To add a user, click on the '+' icon in the top-right corner of the screen.

If you add additional users, you will want to make your model visible to all users. By default, the model is only visible to you, meaning that other users will have no model to chat with. To make the model visible to all users, access the admin panel, then click on 'Settings' in the navigation bar at the top of the screen, then click on 'Models' in the navigation panel on the left, and then click on the pencil icon next to your model.
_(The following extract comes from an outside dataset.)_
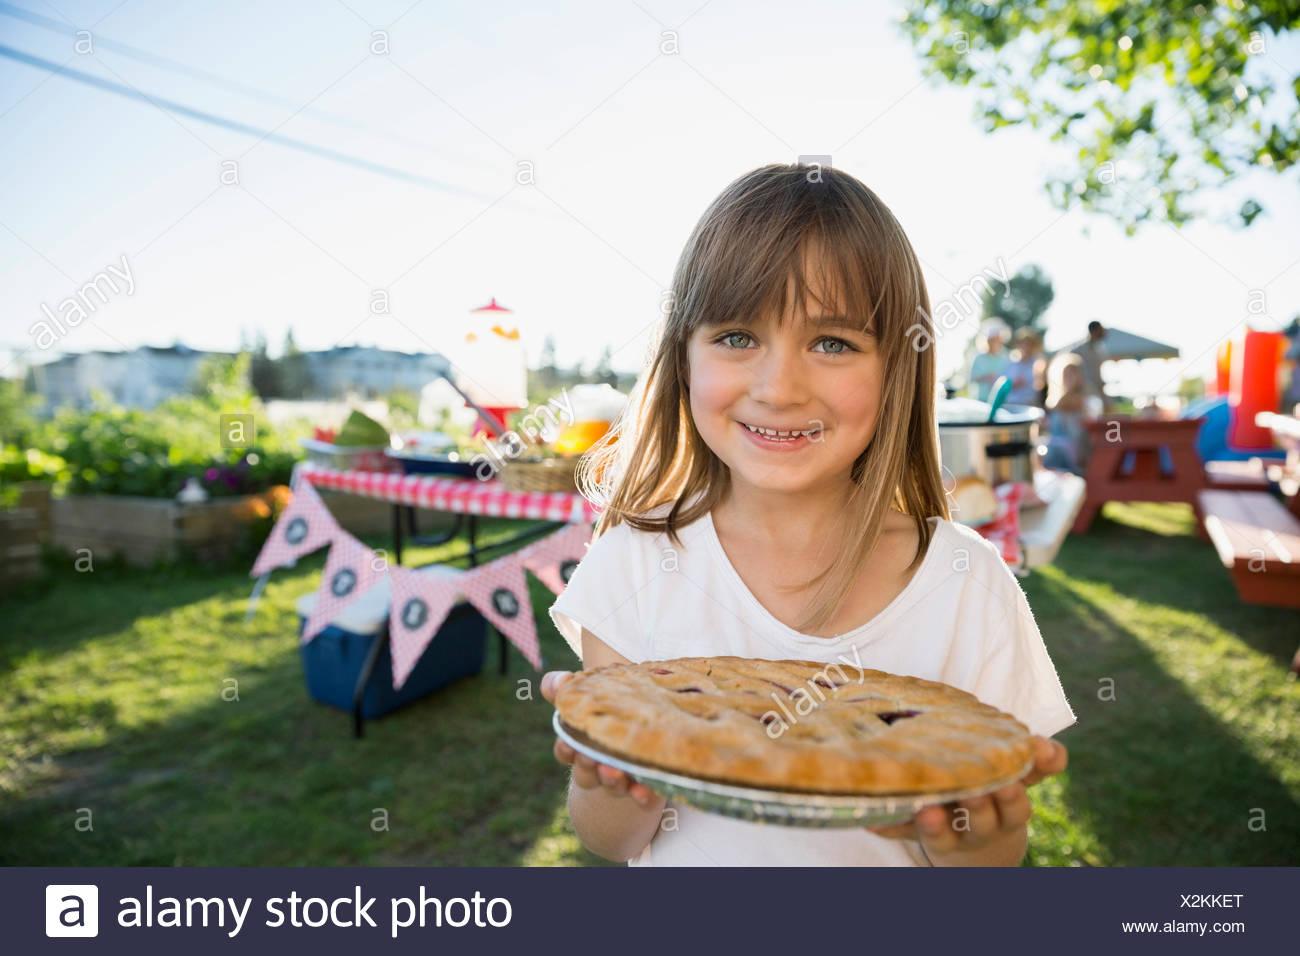 Portrait smiling girl holding fresh baked pie park - Stock Image

Once on the model settings page, click on 'Visibility,' and then choose 'Public' in the drop-down menu. At this point, you can also decide whether or not you want to turn reasoning on. If you used the same values in your nim-values.yaml as I did in the preceding example, then you deployed the llama-3.3-nemotron-super-49b-v1 model inside of your NIM. This is a reasoning model, but reasoning is disabled by default. To enable reasoning, add "detailed thinking on" to the 'System Prompt.'

You and your users can now chat with your NIM! You are now a GenAI superstar, and it only took five minutes!


What about RAG?
RAG, or retrieval augmented generation, is a common technique for augmenting LLMs with private data/knowledge without having to perform any additional training. Open WebUI includes RAG capabilities. Open WebUI's Workspace functionality is particularly powerful. Review the Open WebUI documentation for more details.
Why NetApp?
At this point, you may be asking, why should I run all of this on NetApp? The answer is simple. If your goal is to build an enterprise-class, production-ready GenAI application as opposed to a "science project" or proof-of-concept, then you need enterprise-class storage. If you run NIM for LLMs and Open WebUI on NetApp, using Trident, then your model versions, chat UI configurations, chat history, RAG knowledge base, etc., will be safe and protected. You can use snapshot copies to efficiently back up your data, ensuring that you will never lose anything. Additionally, you can utilize NetApp's Autonomous Ransomware Protection to ensure that your critical data is protected. Finally, since NetApp is the only storage vendor to offer native services co-engineered with each of the three major public cloud providers, your entire application stack will be fully portable, meaning that you can move between the cloud and the datacenter, and between different cloud providers, as needed to optimize costs or take advantage of specialized infrastructure offerings.